Para el vigilante jurado que se apropió de 200.000 euros
La Audiencia Provincial ha condenado a tres años de cárcel al vigilante jurado Lucio Manuel del Valle Vega, al que se acusa de haberse apoderado en agosto de 2004 de una saca que custodiaba destinada a sucursal de La Caixa de Sant Jordi y que contenía 200.000 euros. Además deberá restituir el dinero a la empresa Prosegur, así como pagar una multa de 780 euros.
El tribunal, en cambio, ha absuelto a la pareja sentimental del acusado al considerar que no se le puede considerar cómplice puesto que este tipo penal requiere que hubiera realizado actos anteriores o simultáneos de «verdadera y efectiva cooperación en la ejecución» del delito de apropiación indebida.
La sentencia, de 39 folios, descarta las alegaciones presentadas por las defensas de los dos acusados que alegaban la vulneración del derecho al secreto de las comunicaciones y errores de procedimiento al autorizar las escuchas telefónicas que permitieron la detención del acusado.
Seguidamente, la Audiencia rechaza una por una las cuestiones planteadas por la defensa para avalar la inocencia de Lucio Manuel del Valle. Así, se desecha la posibilidad de que la saca con el dinero fuera sustraída de la cámara de seguridad de Prosegur en Palma o que no fuera enviada a Eivissa por error.
Respecto a la imposibilidad de que el acusado tuviera acceso al dinero cuando estaba en el furgón blindado en el aeropuerto, se destaca que existían formas de burlar el dispositivo de seguridad que impide que dos de las puertas del vehículo estuvieran abiertas al mismo tiempo.

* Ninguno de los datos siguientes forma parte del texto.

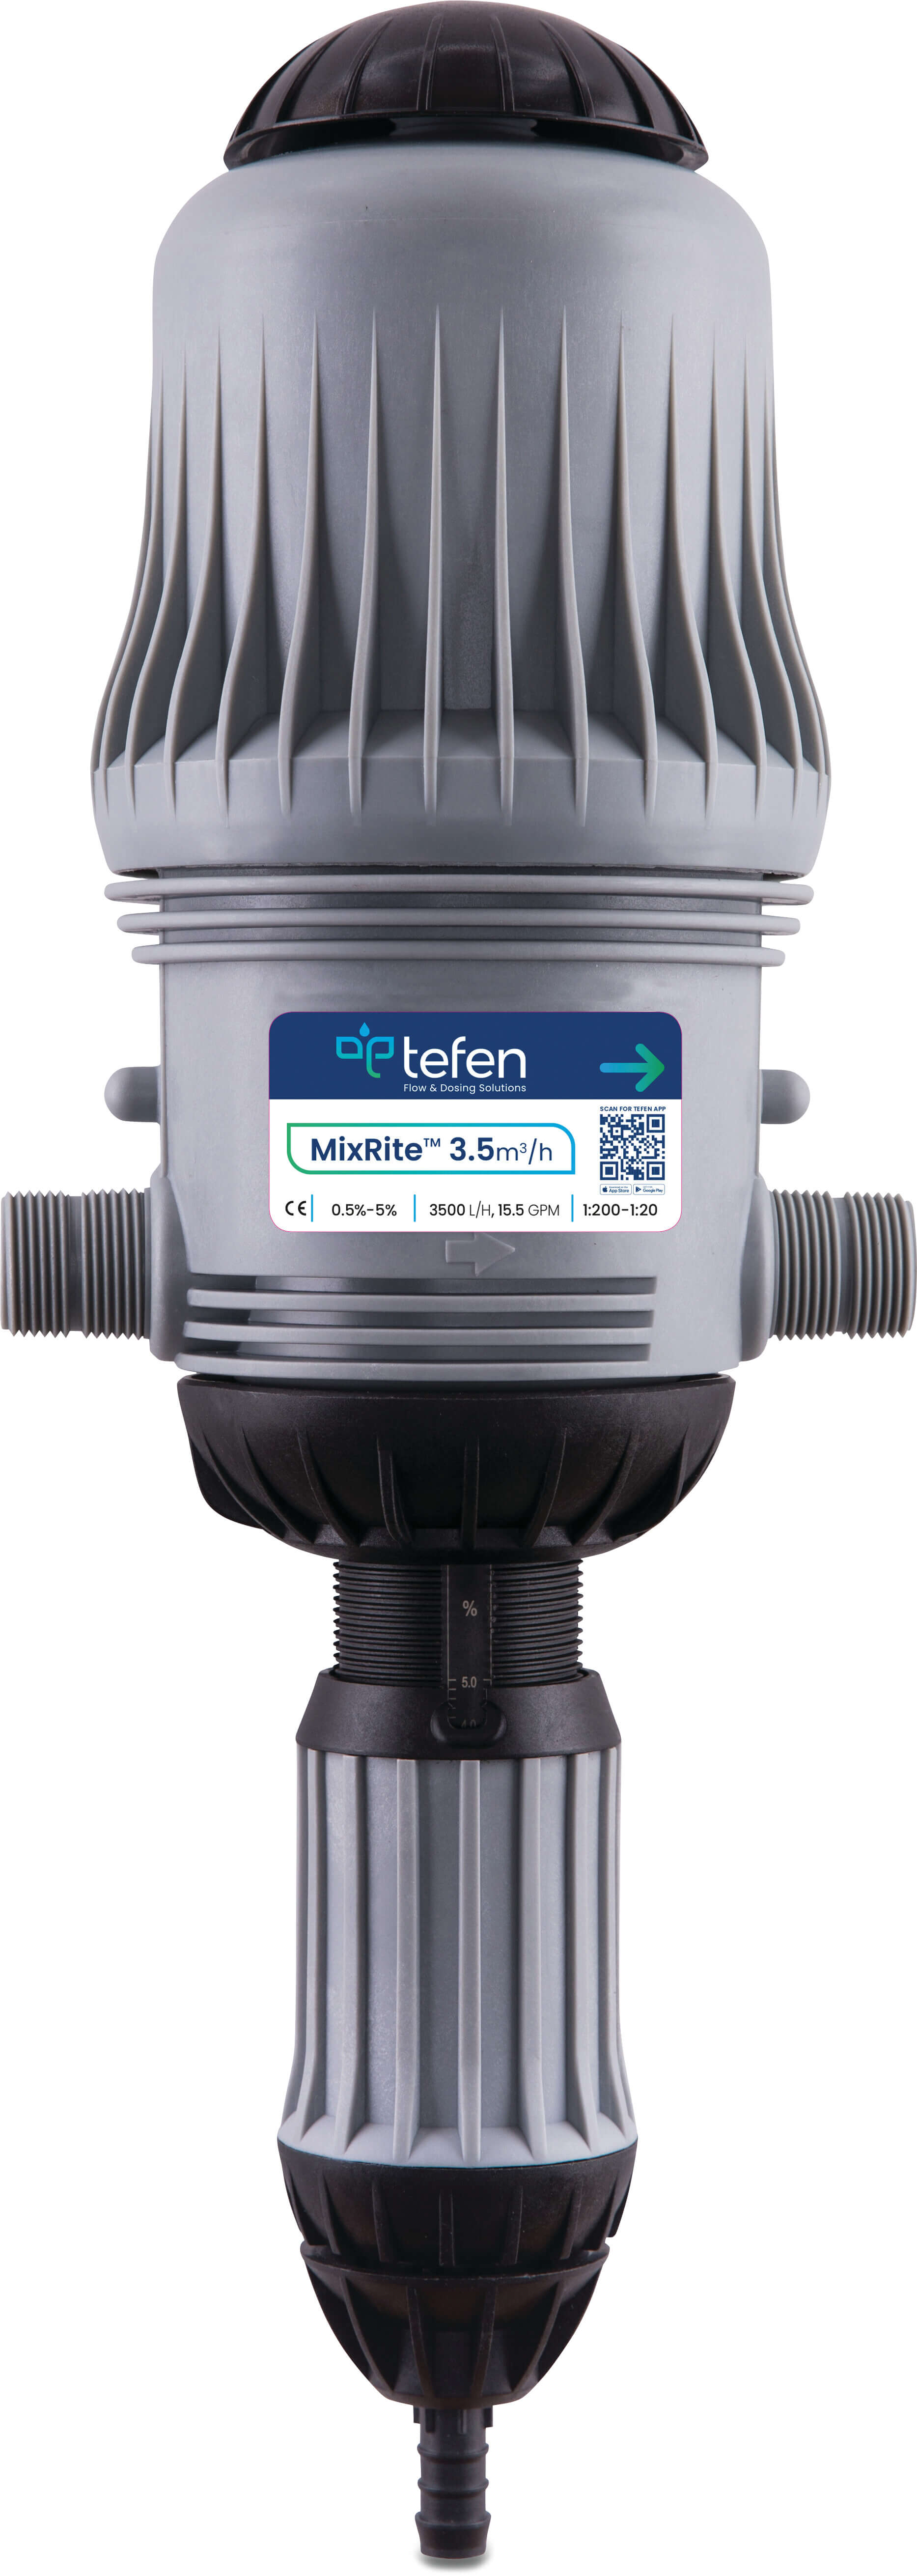 Tefen Pompa dozująca 3/4" GZ x podłączenie węża x GZ 0.2 - 8bar type MixRite TF 3.5 0.3% - 2%

De esta forma, se apunta a que es posible que se apoderara de ella sin ser visto por sus compañeros.
La sentencia también recoge lo extraño del comportamiento del acusado que, alegando tener que ir al baño, dejó solo y sin protección a un compañero cuando llevaban más de 100.000 euros a una oficina bancaria del mismo aeropuerto.
Los magistrados de la Audiencia destacan en su resolución que «no consta acreditada una procedencia distinta del dinero intervenido» que no sea la de la apropiación indebida.
Así, los magistrados resaltan que «jamás el acusado, en sus diversas declaraciones, ha mencionado tal actividad extra», en referencia a la propiedad de un bar en su localidad natal durante varios años.
Los miembros de la Audiencia también mostraron su incredulidad respecto a las comisiones millonarias obtenidas en la compra-venta de caballos sin que se firmaran contratos. Incluso se destaca que un testimonio aseguró que las comisiones las pagaba al acusado en billetes de 500 euros en el año 2000, cuando la moneda vigente aún era la peseta.